Files are stored in eXo JCR in the standard node type
nt:file (and
nt:resource). So for this example I will simply list all the
nt:file of a folder and aggregate the size of the file itself. It is important to understand how JCR is storing the binary content. The best way to understand it, is to view it. For that I am using the print information given by
CRaSH, a shell for content repository developed by eXo team and lead by
Julien Viet. Here the structure of a PDF document :
/Documents/jsr170-1.0.pdf
+-properties
| +-jcr:primaryType: nt:file
| +-jcr:mixinTypes: [mix:referenceable,mix:versionable]

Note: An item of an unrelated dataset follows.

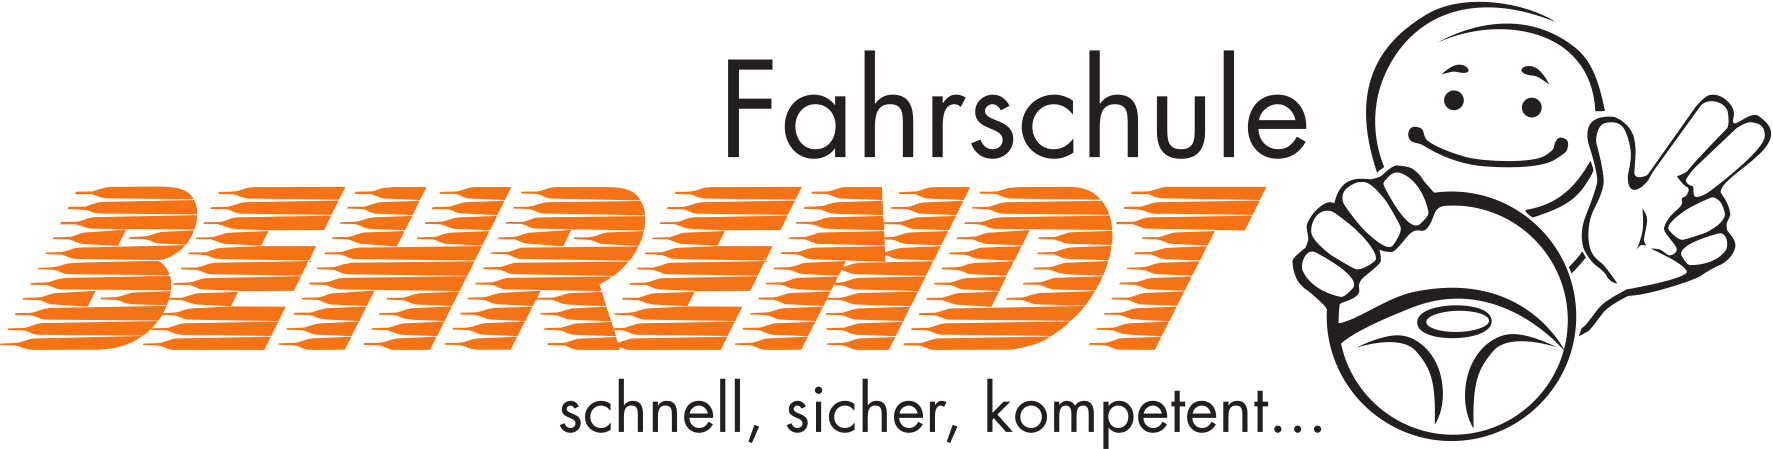 Logo Fahrschule Behrendt

| +-jcr:uuid: '6b89b6f0c0a8006530a8617df51bb0d7'
| +-jcr:created: 2011-02-28T10:11:50.770+01:00
+-children
| +-/Groups/spaces/intranet_v2/Documents/Technical/jsr170-1.0.pdf/jcr:content
As you can see in this node the 'binary' is not visible, nothing bad here. As written in the specification in the section
6.7.22.6 nt:file, the binary content is an attribute of the child node
jcr:content that is exposed below:
/Groups/spaces/intranet_v2/Documents/Technical/jsr170-1.0.pdf/jcr:content
+-properties
| +-jcr:primaryType: nt:resource
| +-jcr:mixinTypes: [exo:owneable,exo:datetime,dc:elementSet]

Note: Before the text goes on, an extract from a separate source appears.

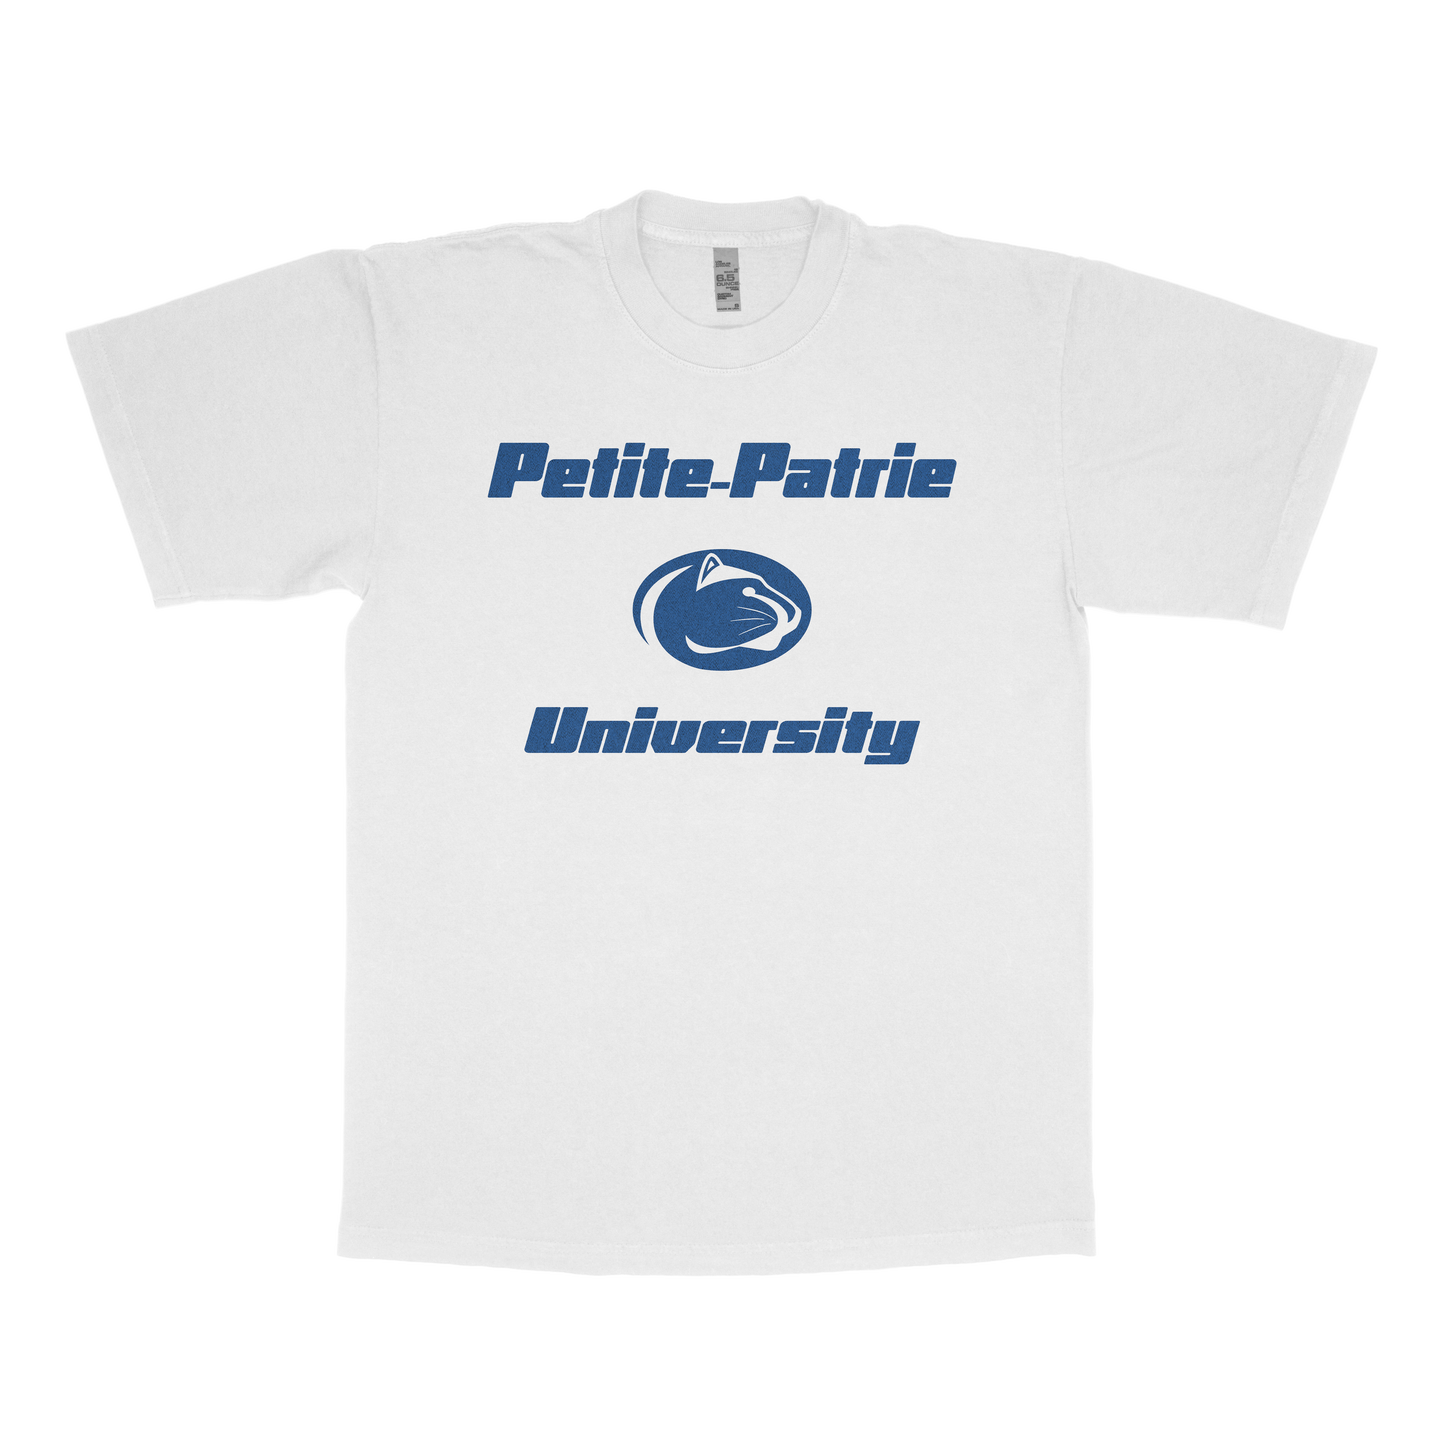 Petite-Patrie University (FAKE U)

| +-jcr:uuid: '6b89b6f7c0a80065735b1a8853d389d0'
| +-jcr:data:
| +-jcr:encoding: 'UTF-8'
| +-jcr:lastModified: 2011-02-28T10:11:50.767+01:00
| +-jcr:mimeType: 'application/pdf'
+-children
You can see now that the
jcr:content contains some interesting attributes:
- jcr:mimeType
- jcr:data this is where the binary content, the PDF itself , is
So using the JCR API you just need to get the content length using the following java code:
node.getProperty("jcr:content/jcr:data").getLength()
This returns the number of bits of the binary data.

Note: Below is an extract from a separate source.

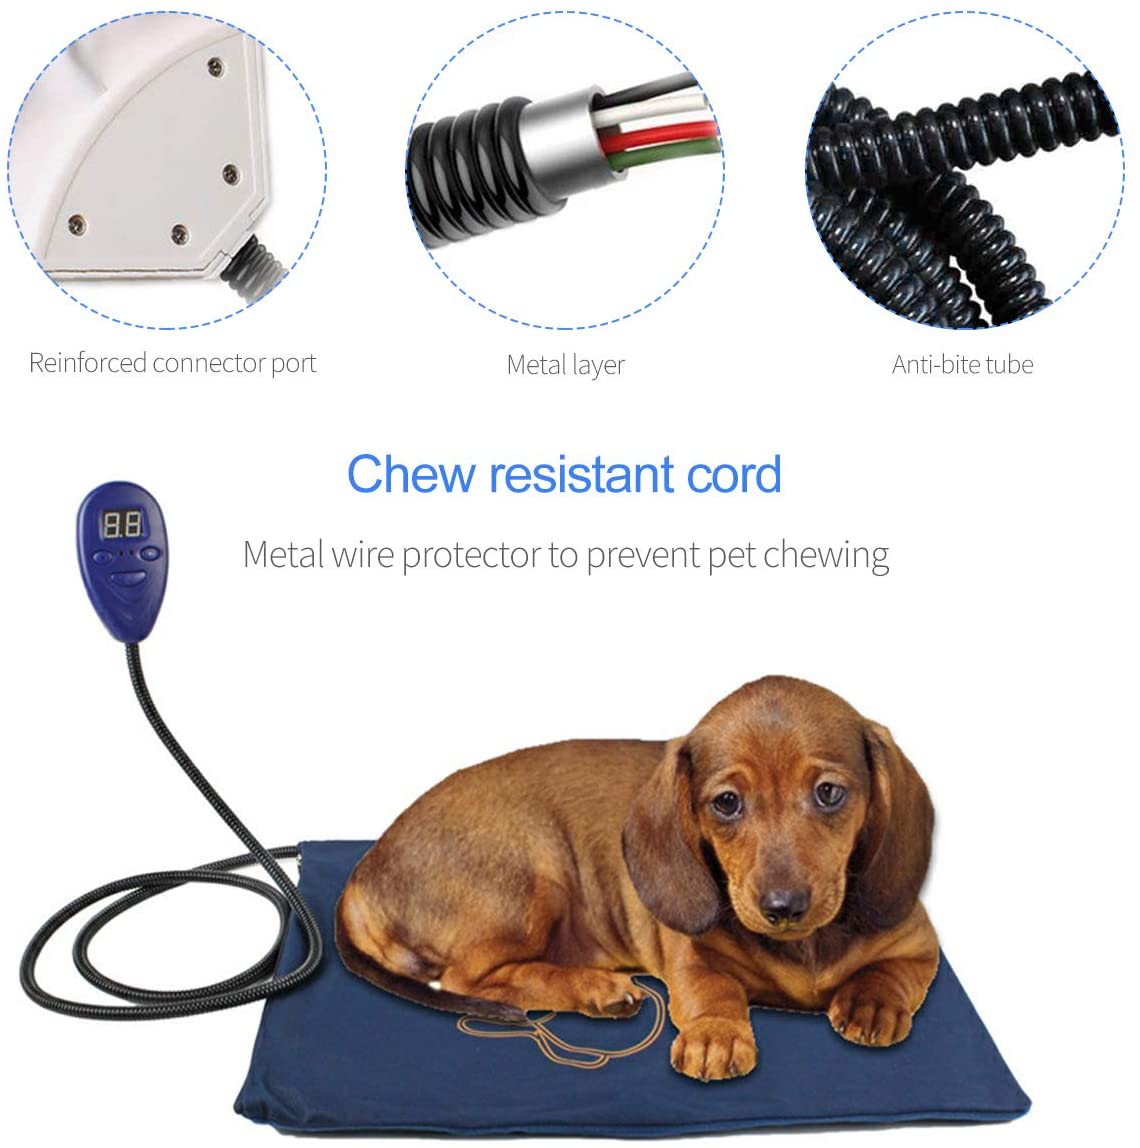  PETCUTE Manta Eléctrica para Mascotas Cojín de Calefacción para Perros Almohadilla Cama de Perro Alfombra electrica para Gatos Perros

So to calculate the size of a folder you just need to navigate in all the documents (nt:file or jcr:content) and cumulate the size of all the files. In this following code, I am calculating the size of the folder "/Documents" by navigating into all the files contains in this folder and subfolders. (I could have chose to query all the j
cr:content type instead of
nt:file)
Session session = getSession(); // use RepositoryService or context to get a session
QueryManager manager = session.getWorkspace().getQueryManager();
String queryStatement = "select * from nt:file where (jcr:path LIKE '/Documents/%')";
Query query = manager.createQuery(queryStatement, Query.SQL);
NodeIterator nodeIterator = query.execute().getNodes();
Node node = null;
long totalSizeInMb = 0;
while (nodeIterator.hasNext()) {
node = nodeIterator.next();
totalSizeInMb = totalSizeInMb + node.getProperty("jcr:content/jcr:data").getLength() / (1024*1024);
}
As you can guess since we are navigating in the hierarchy you have to be very careful when using such query. This example is just a simple code sample to show you some of the cool features provided by the JCR API.